##### COLLECTED DATA #####

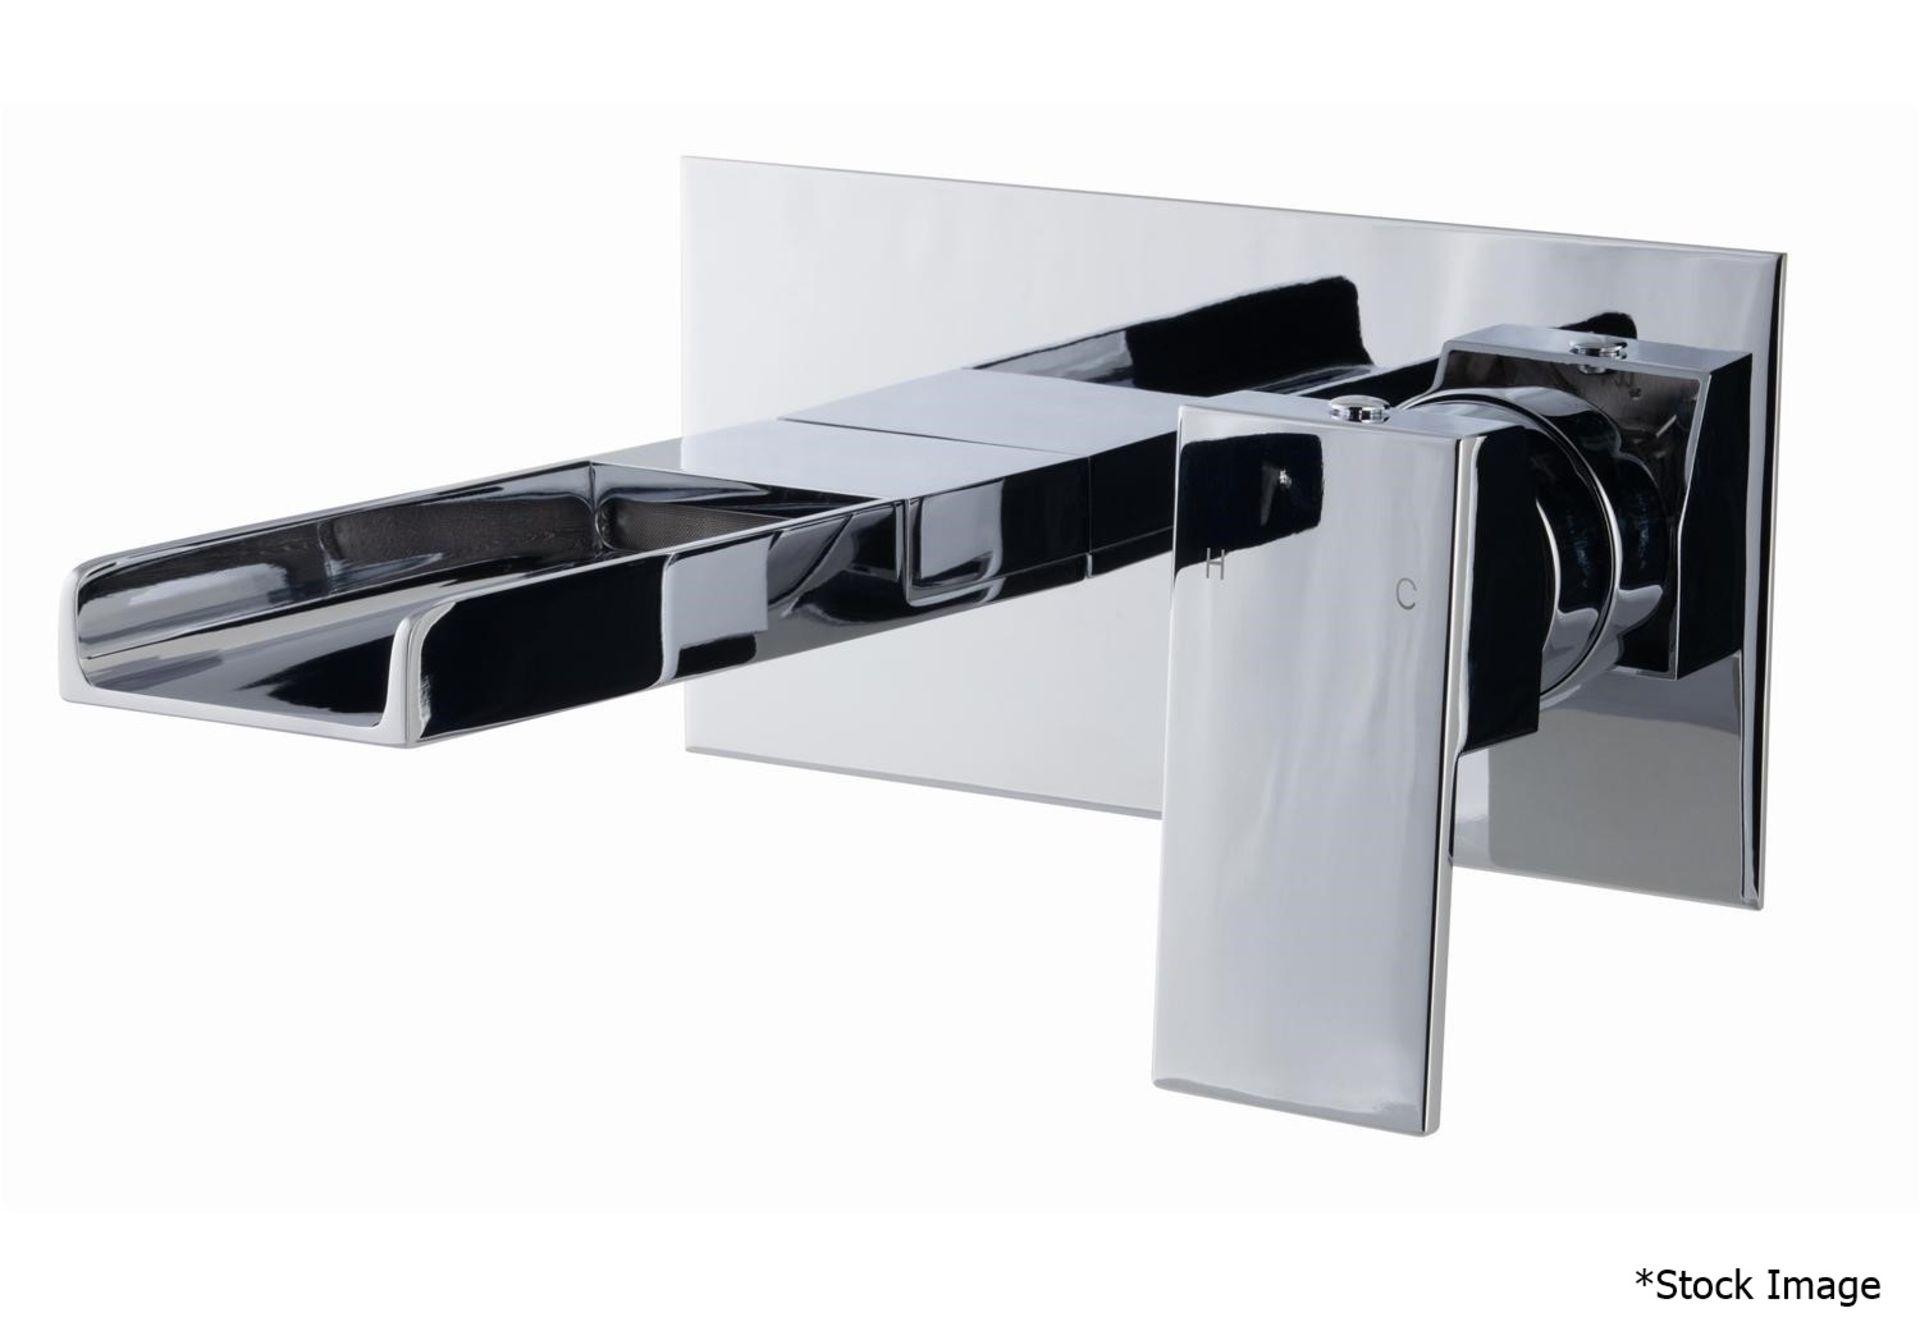 1 x Cassellie 'Dunk' Wall Mounted Waterfall Bath Tap - Ref: DUK016 - New & Boxed Stock - RRP 130.00 - Image 2 of 4
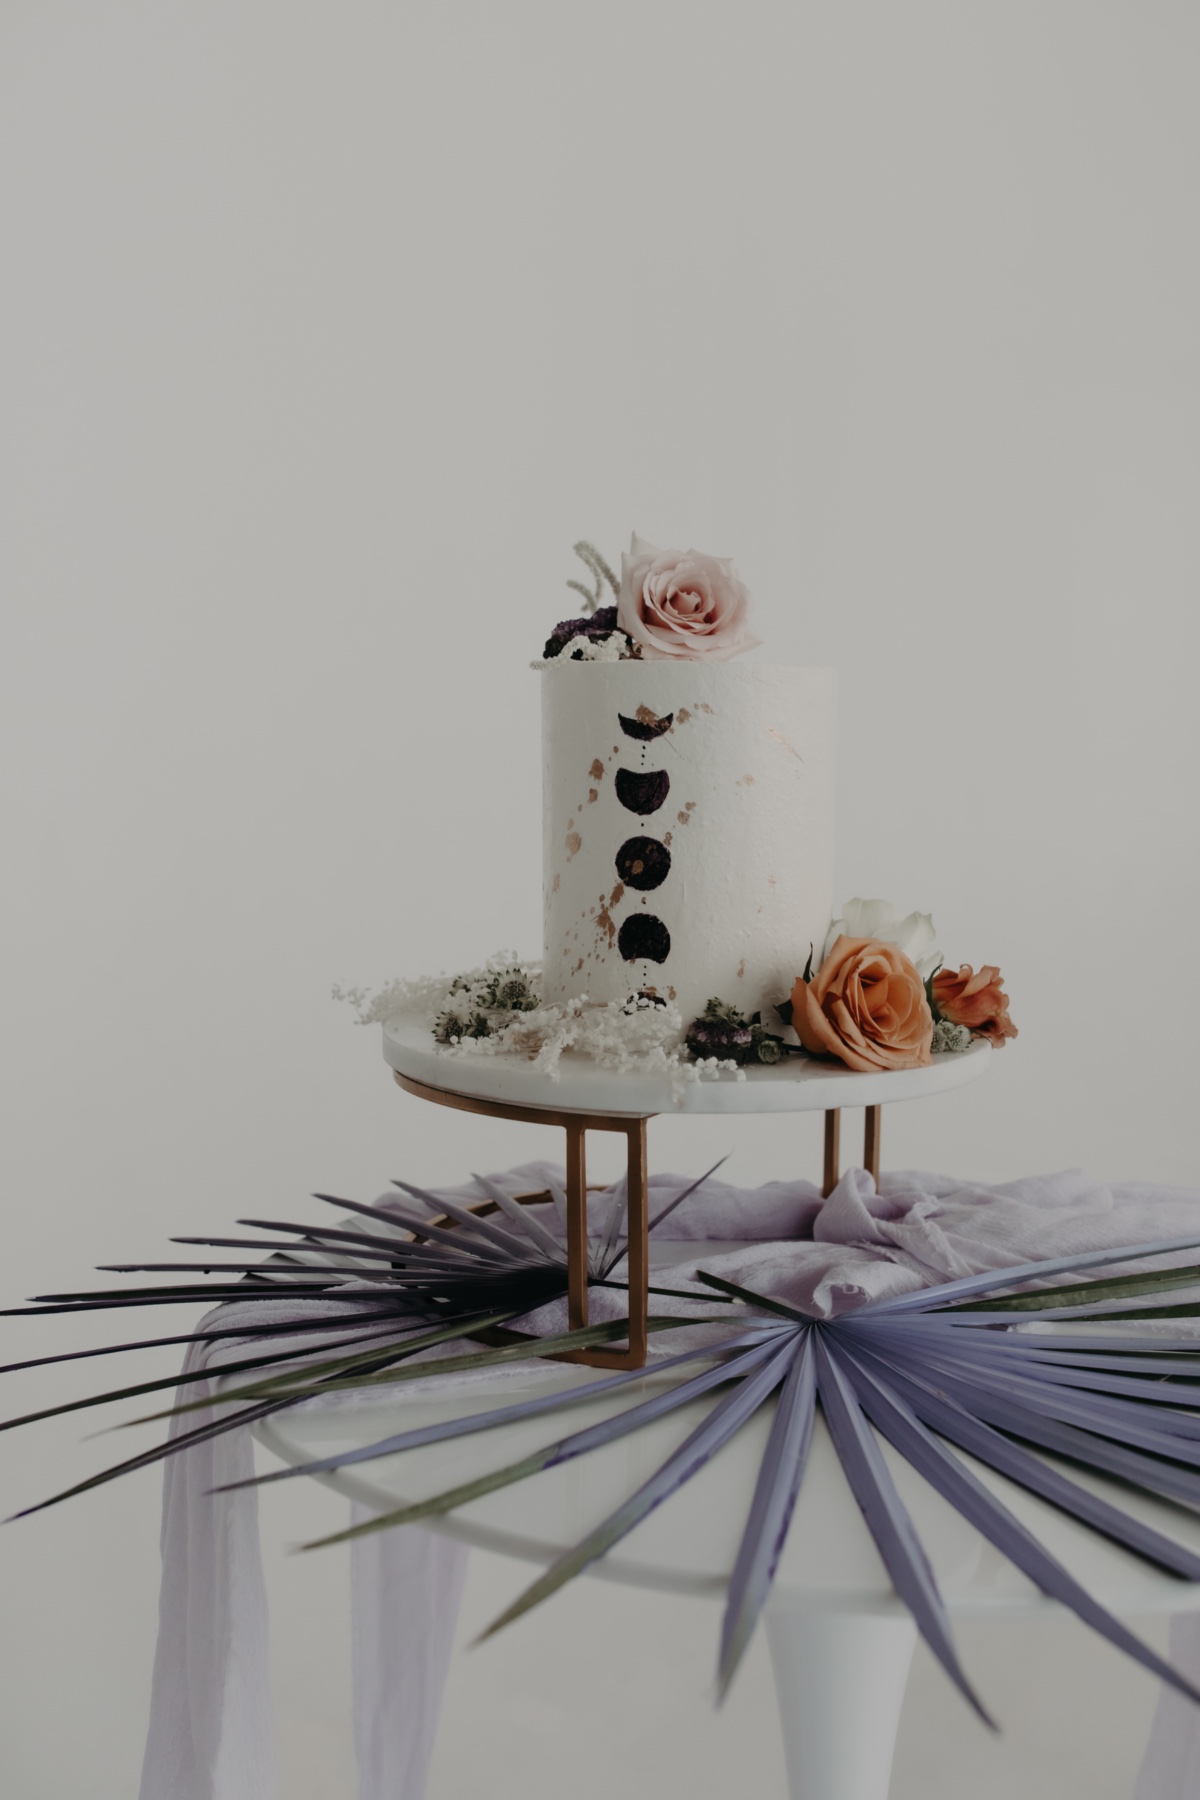 edgy wedding cake with dried flowers
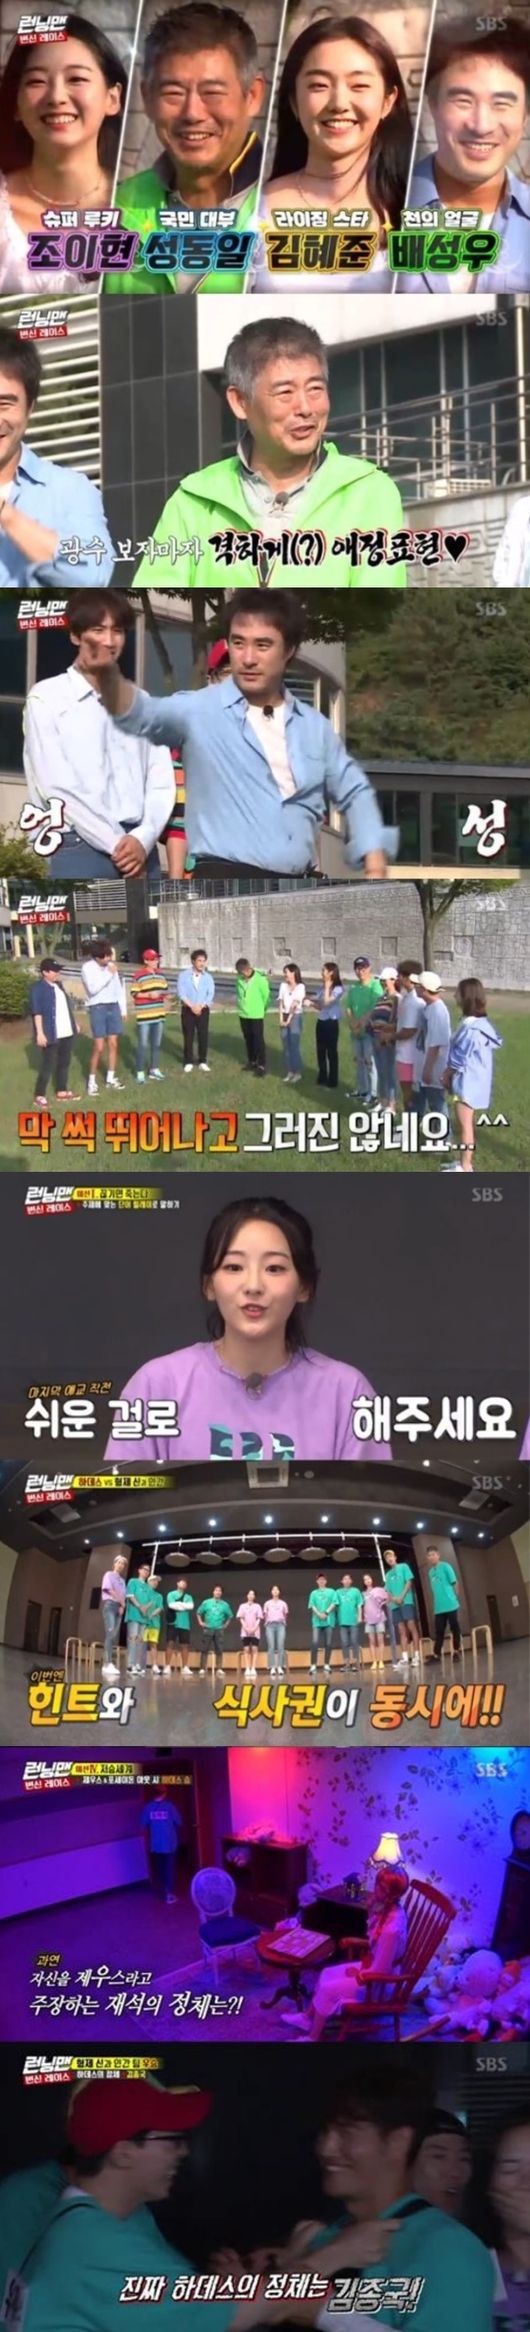 SBS Running Man took the top spot in the same time zone of 2049 target audience rating with a big gap.According to Nielsen Korea, the ratings agency, Running Man, which aired on the 11th, soared to 8.4% of the highest audience rating per minute, and the 2049 target audience rating, an important indicator of major advertising officials, recorded 3.7% (based on the second part of the audience rating of households in the metropolitan area), beating all Masked Wang and Donkey Ears.The show was accompanied by actor Sung Dong-il, Bae Seong-woo, Jo Yi-hyun and Kim Hye-joon of the movie Transform.The members challenged various missions to find Hades, Zeus, and Poseidon gods, and the chewy race that led to doubting each other until the end was exciting.Along with this, the performance of the guests also shone.Sung Dong-il, like Lee Kwang-soos natural enemy, tightened Lee Kwang-soos breath and made a penalty, while Bae Seong-woo laughed with the charm of introducing a clumsy ballet.The final mission was decorated with the horror special The Underworld Race.In order for the brothers and men to win the championship, they have to make Hades in-N-Out Burger, and if Hades makes Zeus and Poseidon in In-N-Out Burger, Hades will win alone.The members gathered hints at the appearance of ghosts in the race, and Yoo Jae-Suk and Kim Jong-kook were selected as candidates for Hades.In the meantime, Yoo Jae-Suk put Kim Jong-kooks name tag on the Hades chair that Lee Kwang-soo found, and finally Hades was revealed as Kim Jong-kook.The scene recorded the highest audience rating of 8.4% per minute, accounting for the best one minute.running man

#####

▸ **REQUIRED WORK**
Each line of the material above should be set down exactly, with no pictures.

▸ **TASK SOLUTION**
 1 x Cassellie 'Dunk' Wall Mounted Waterfall Bath Tap - Ref: DUK016 - New & Boxed Stock - RRP 130.00 - Image 2 of 4
 edgy wedding cake with dried flowers
 SBS Running Man took the top spot in the same time zone of 2049 target audience rating with a big gap.According to Nielsen Korea, the ratings agency, Running Man, which aired on the 11th, soared to 8.4% of the highest audience rating per minute, and the 2049 target audience rating, an important indicator of major advertising officials, recorded 3.7% (based on the second part of the audience rating of households in the metropolitan area), beating all Masked Wang and Donkey Ears.The show was accompanied by actor Sung Dong-il, Bae Seong-woo, Jo Yi-hyun and Kim Hye-joon of the movie Transform.The members challenged various missions to find Hades, Zeus, and Poseidon gods, and the chewy race that led to doubting each other until the end was exciting.Along with this, the performance of the guests also shone.Sung Dong-il, like Lee Kwang-soos natural enemy, tightened Lee Kwang-soos breath and made a penalty, while Bae Seong-woo laughed with the charm of introducing a clumsy ballet.The final mission was decorated with the horror special The Underworld Race.In order for the brothers and men to win the championship, they have to make Hades in-N-Out Burger, and if Hades makes Zeus and Poseidon in In-N-Out Burger, Hades will win alone.The members gathered hints at the appearance of ghosts in the race, and Yoo Jae-Suk and Kim Jong-kook were selected as candidates for Hades.In the meantime, Yoo Jae-Suk put Kim Jong-kooks name tag on the Hades chair that Lee Kwang-soo found, and finally Hades was revealed as Kim Jong-kook.The scene recorded the highest audience rating of 8.4% per minute, accounting for the best one minute.running man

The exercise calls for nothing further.